RECORDED DATA |
= = = =
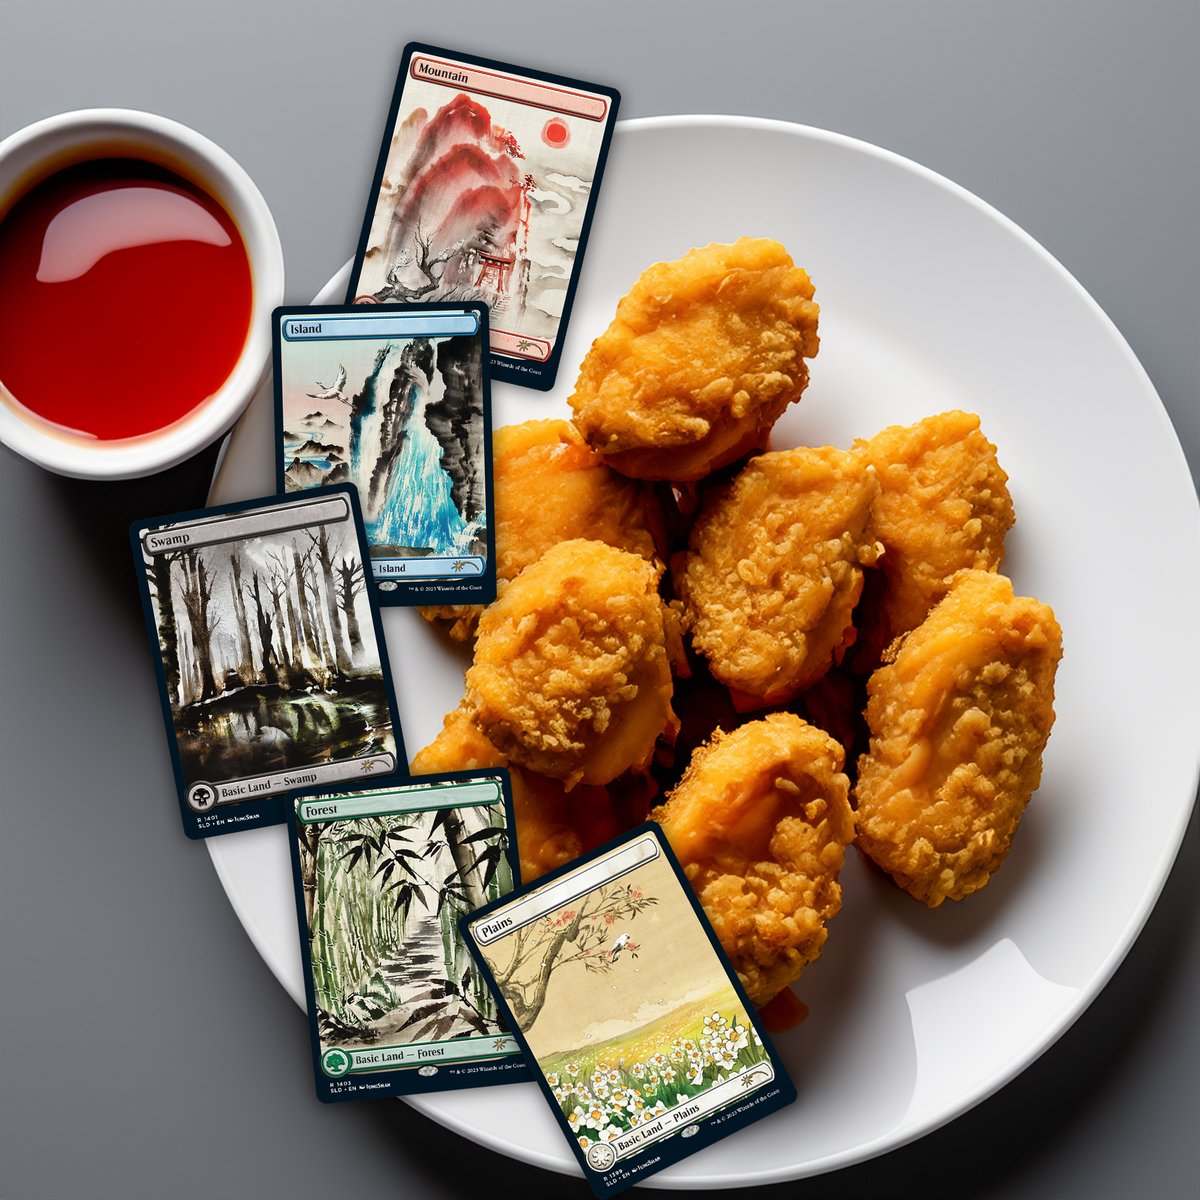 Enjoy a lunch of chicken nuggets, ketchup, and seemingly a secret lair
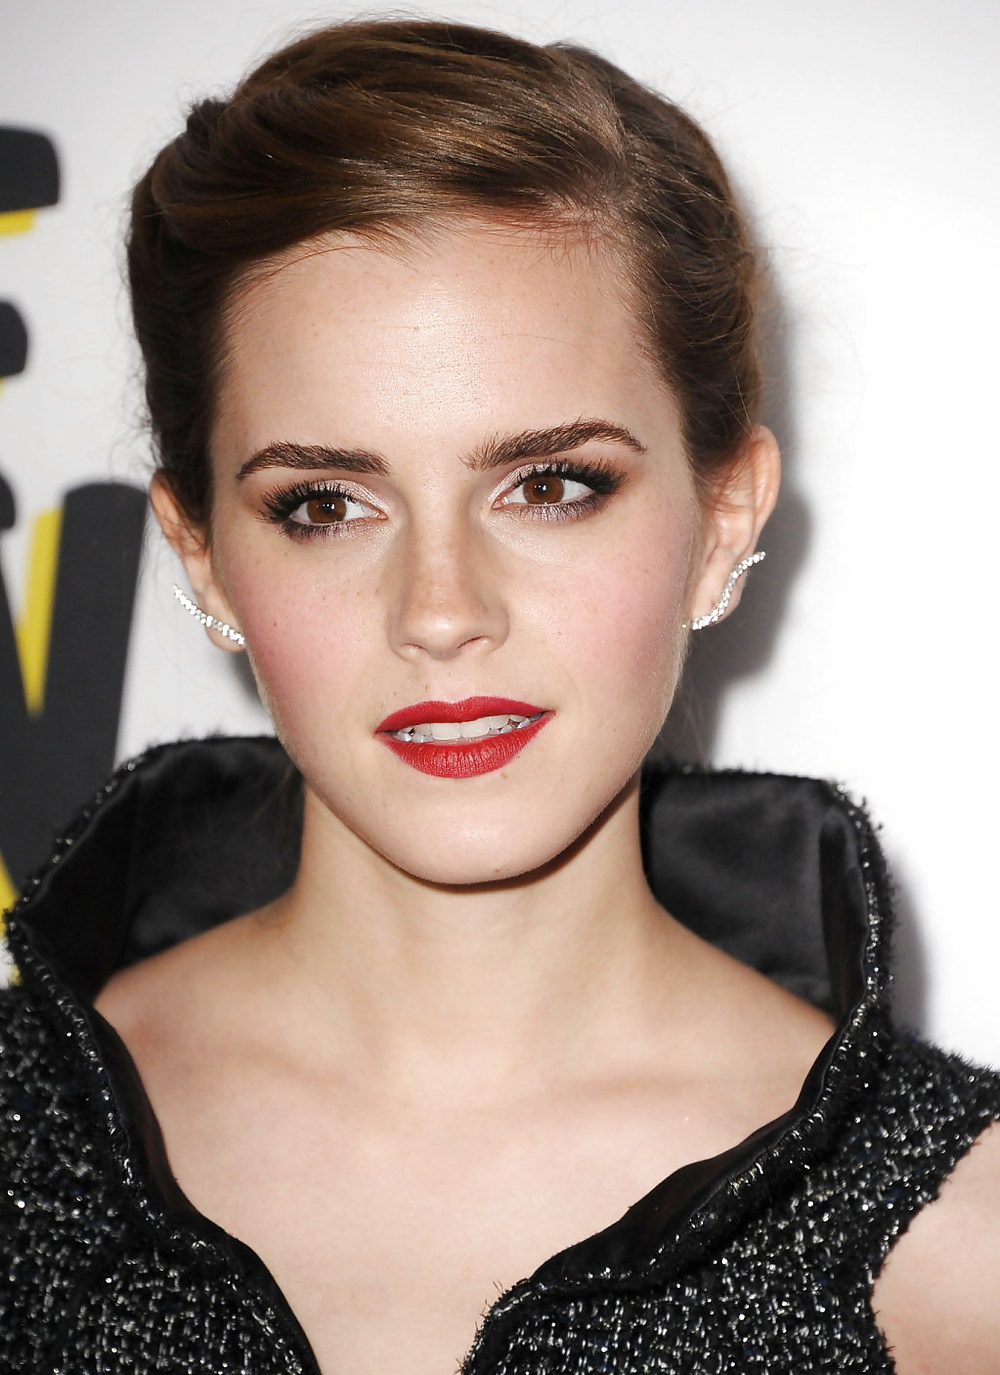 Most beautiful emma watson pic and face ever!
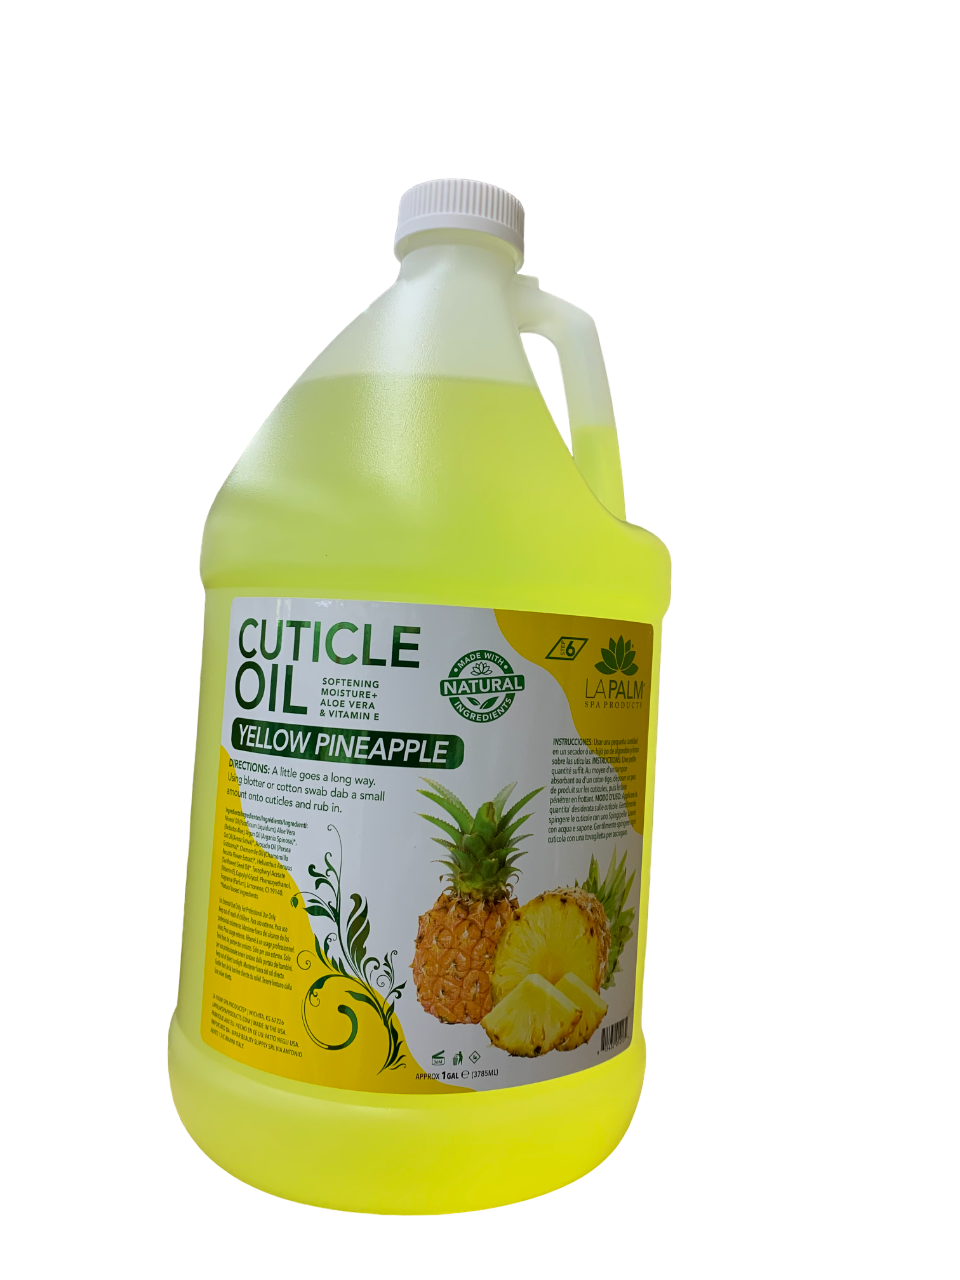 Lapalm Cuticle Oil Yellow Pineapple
= = = =
ACTIVITY |
Start with the line that holds "Most beautiful emma" and retype each line through the last one in the data, exactly and without pictures.

EXERCISE RESULT |
 Most beautiful emma watson pic and face ever!
 Lapalm Cuticle Oil Yellow Pineapple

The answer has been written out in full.